■ WHAT YOU HAVE TO DO ■
Word for word, restate every record, though not the pictures.

◆ ◆ ◆ ◆ ◆ ◆ ◆

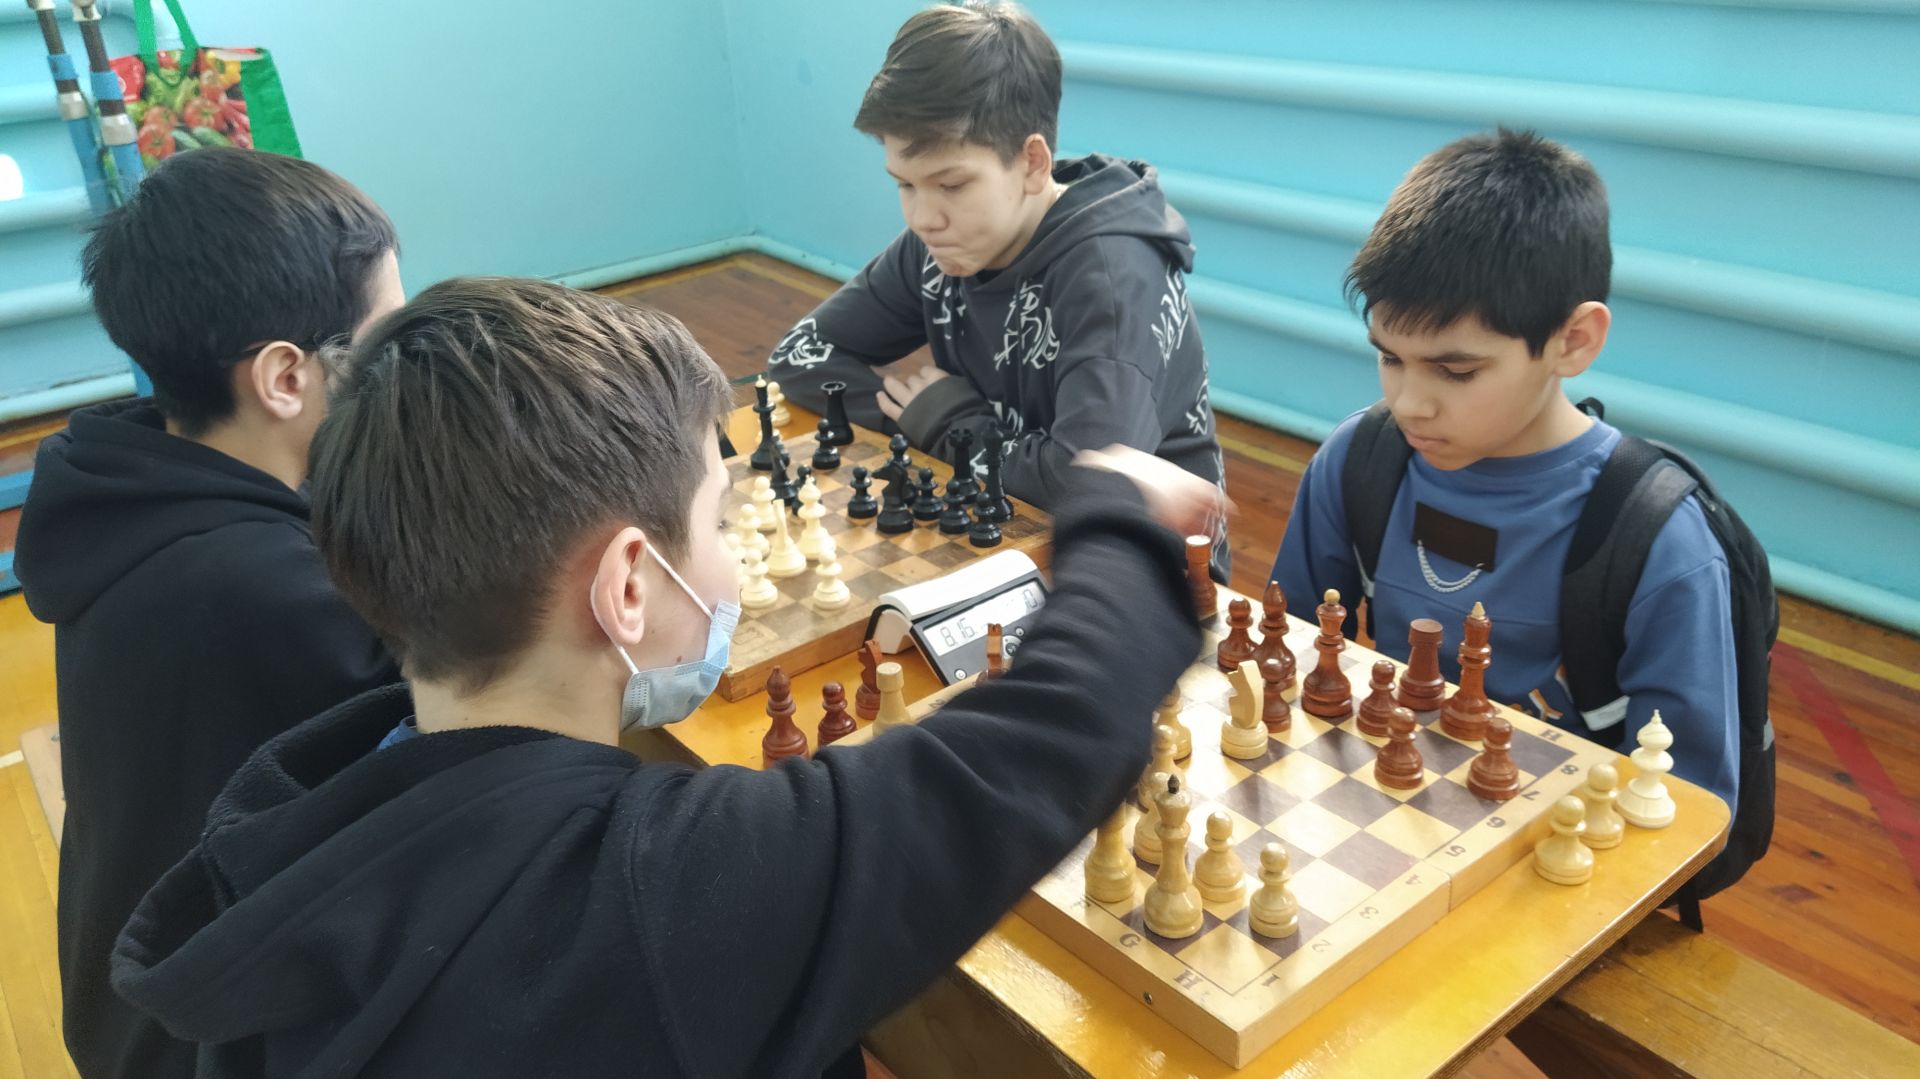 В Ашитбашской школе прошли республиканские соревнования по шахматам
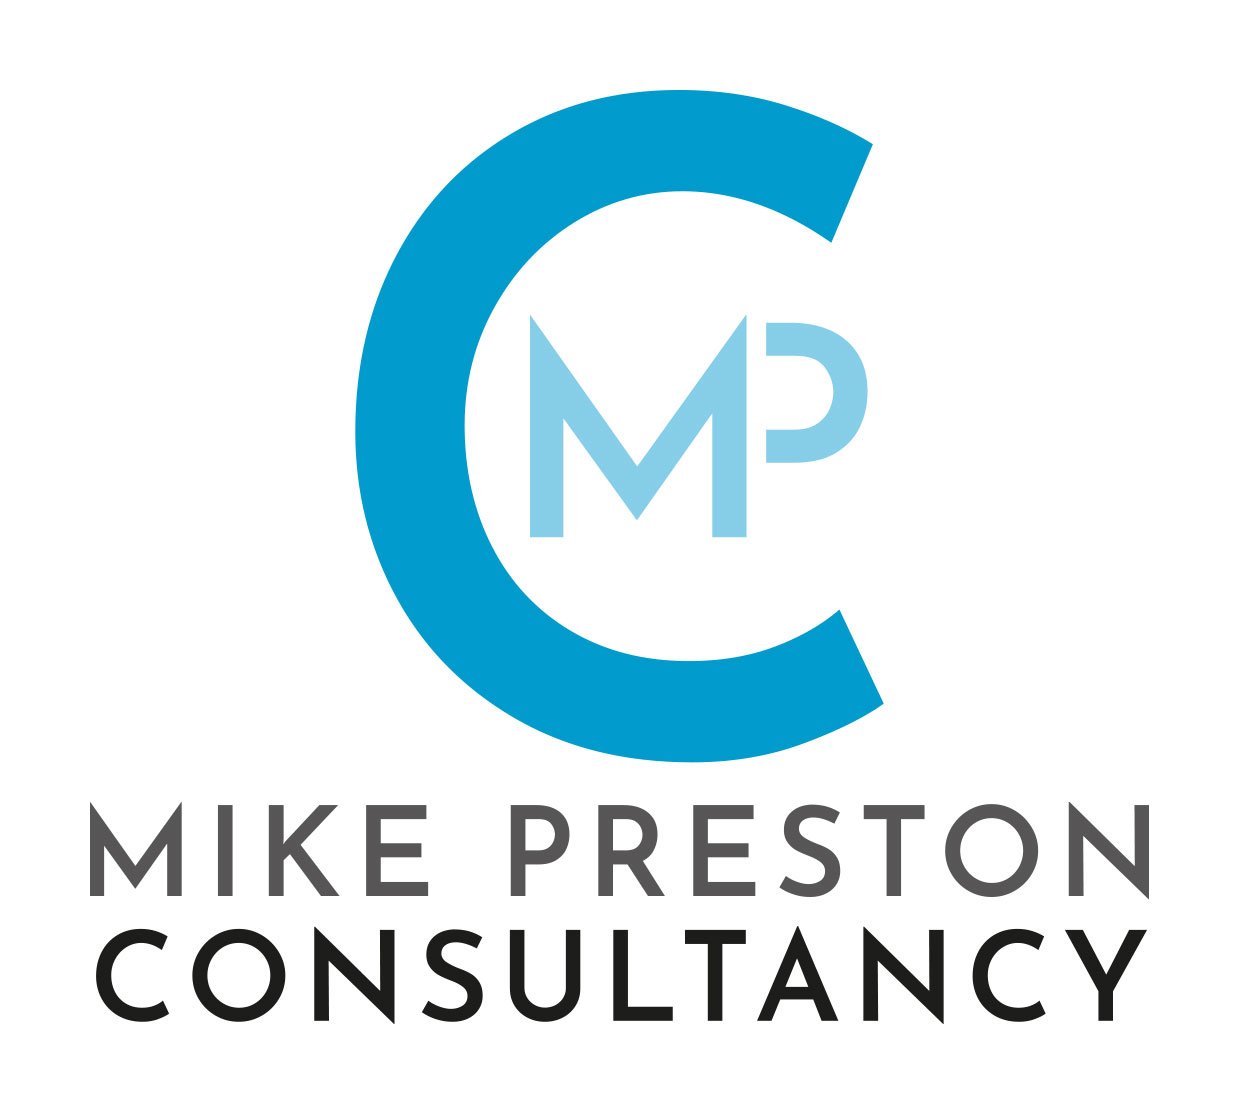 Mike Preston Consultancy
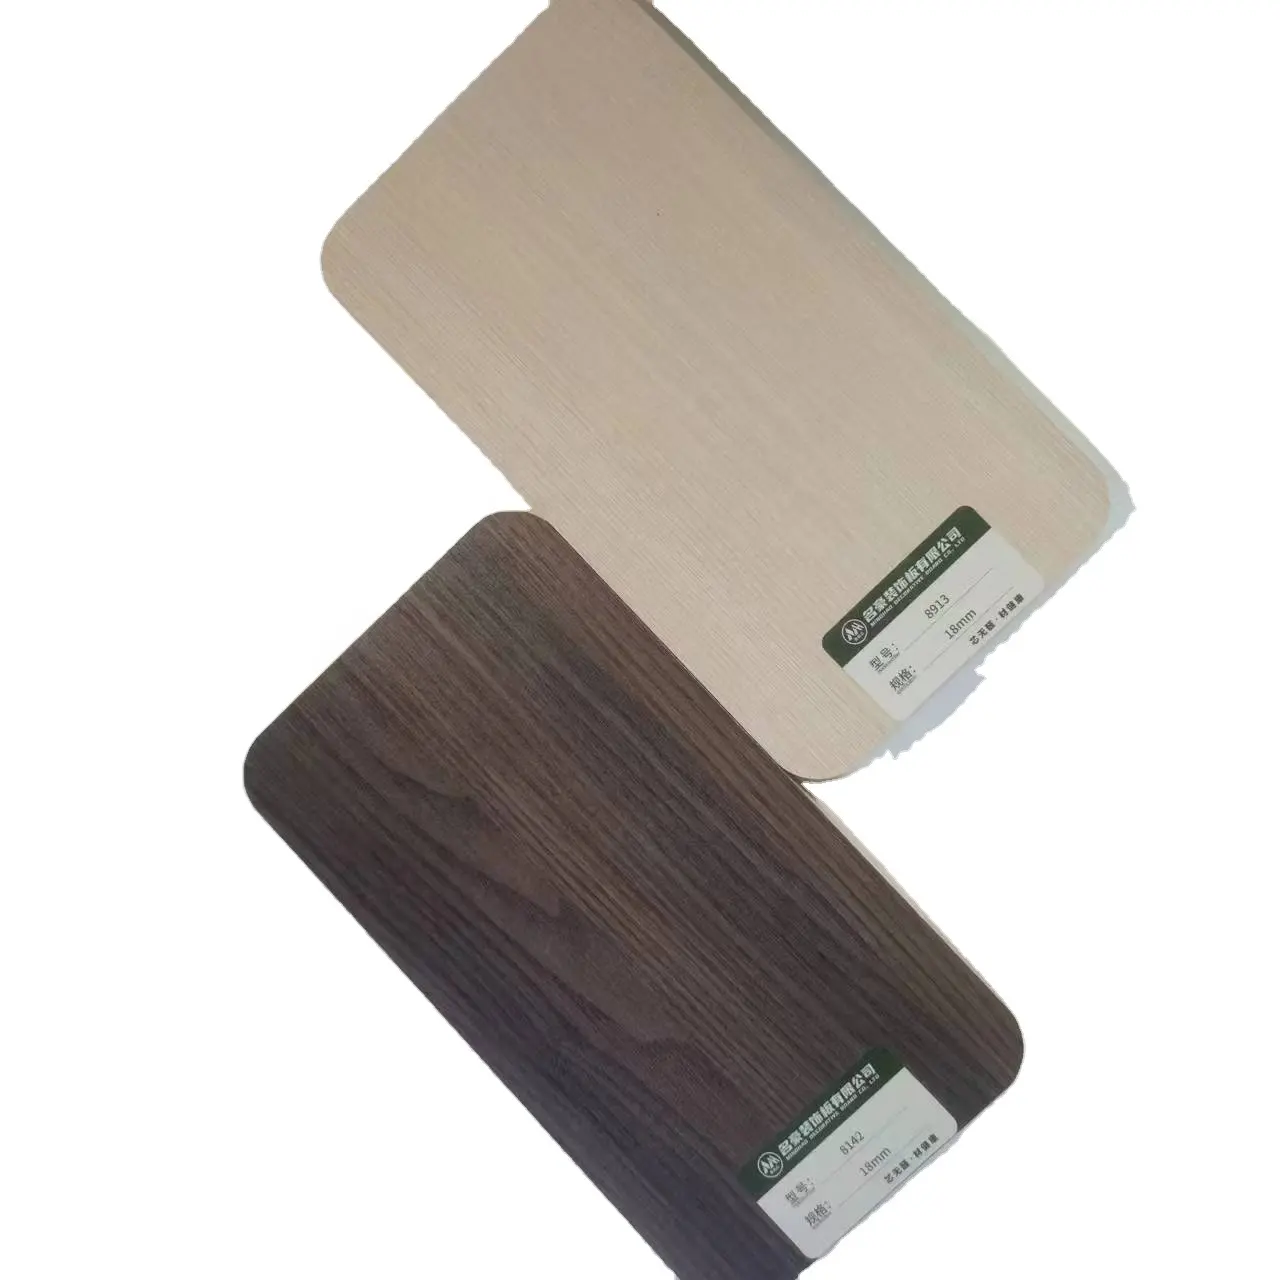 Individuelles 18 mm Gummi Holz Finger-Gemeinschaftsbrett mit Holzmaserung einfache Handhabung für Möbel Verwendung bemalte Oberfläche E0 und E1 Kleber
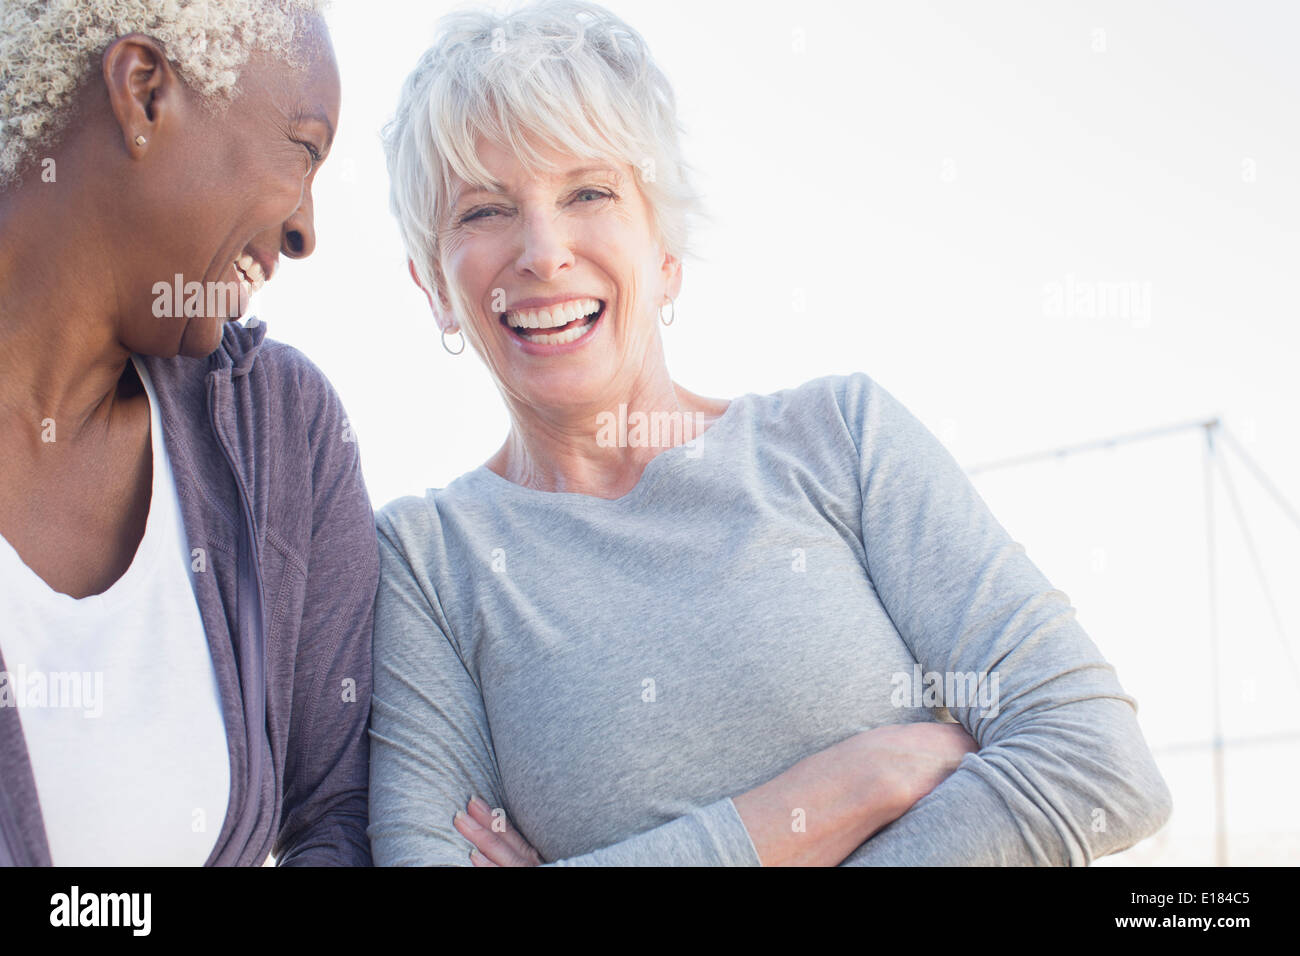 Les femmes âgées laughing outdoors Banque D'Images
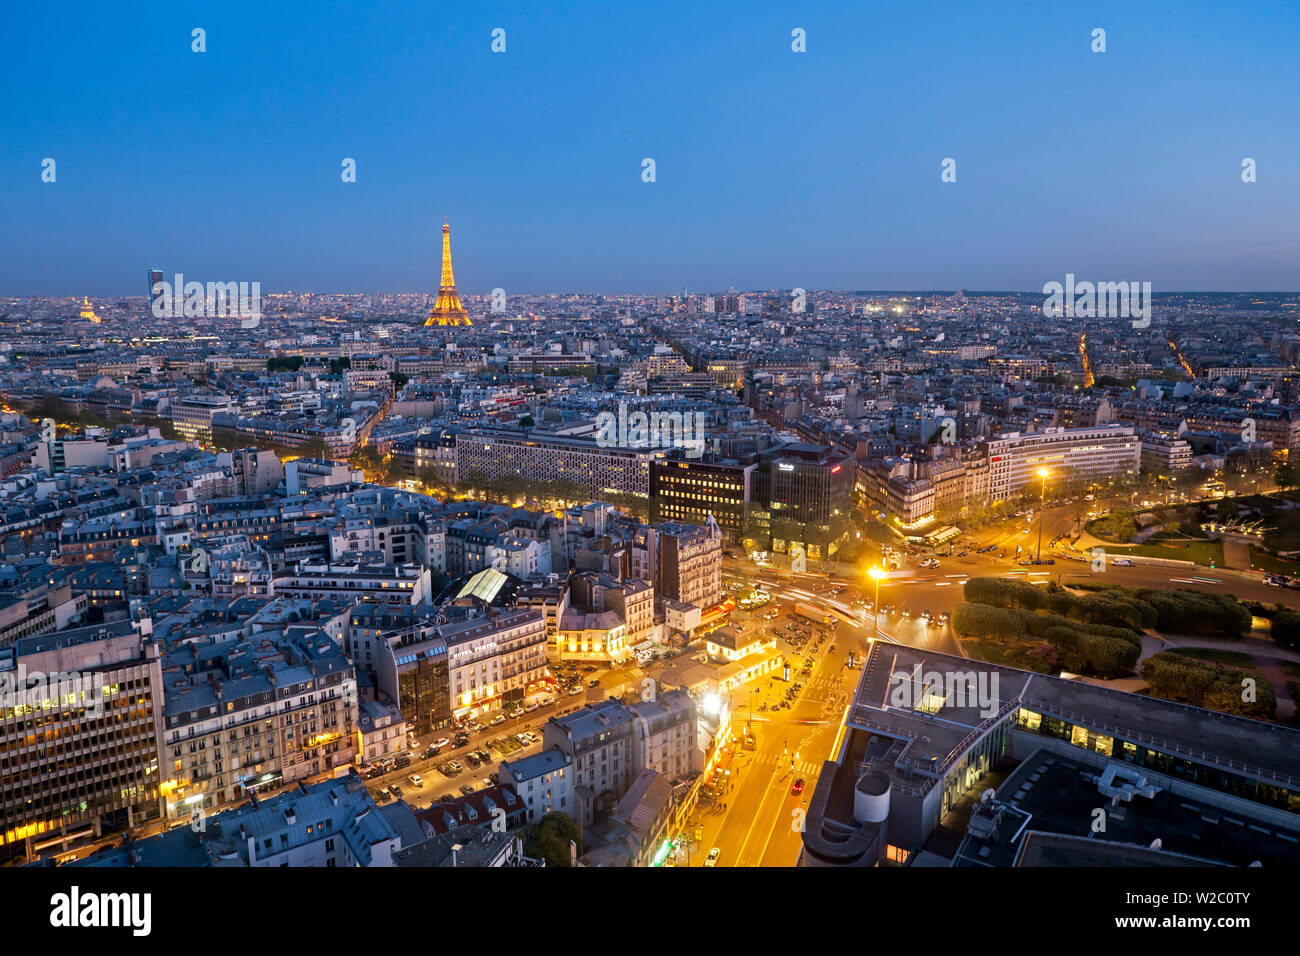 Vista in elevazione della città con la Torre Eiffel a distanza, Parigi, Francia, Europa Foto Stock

◆ ◆ ◆ ◆ ◆ ◆ ◆

■ SOLUTION TO THE EXERCISE ■
 В Ашитбашской школе прошли республиканские соревнования по шахматам
 Mike Preston Consultancy
 Individuelles 18 mm Gummi Holz Finger-Gemeinschaftsbrett mit Holzmaserung einfache Handhabung für Möbel Verwendung bemalte Oberfläche E0 und E1 Kleber
 Les femmes âgées laughing outdoors Banque D'Images
 Vista in elevazione della città con la Torre Eiffel a distanza, Parigi, Francia, Europa Foto Stock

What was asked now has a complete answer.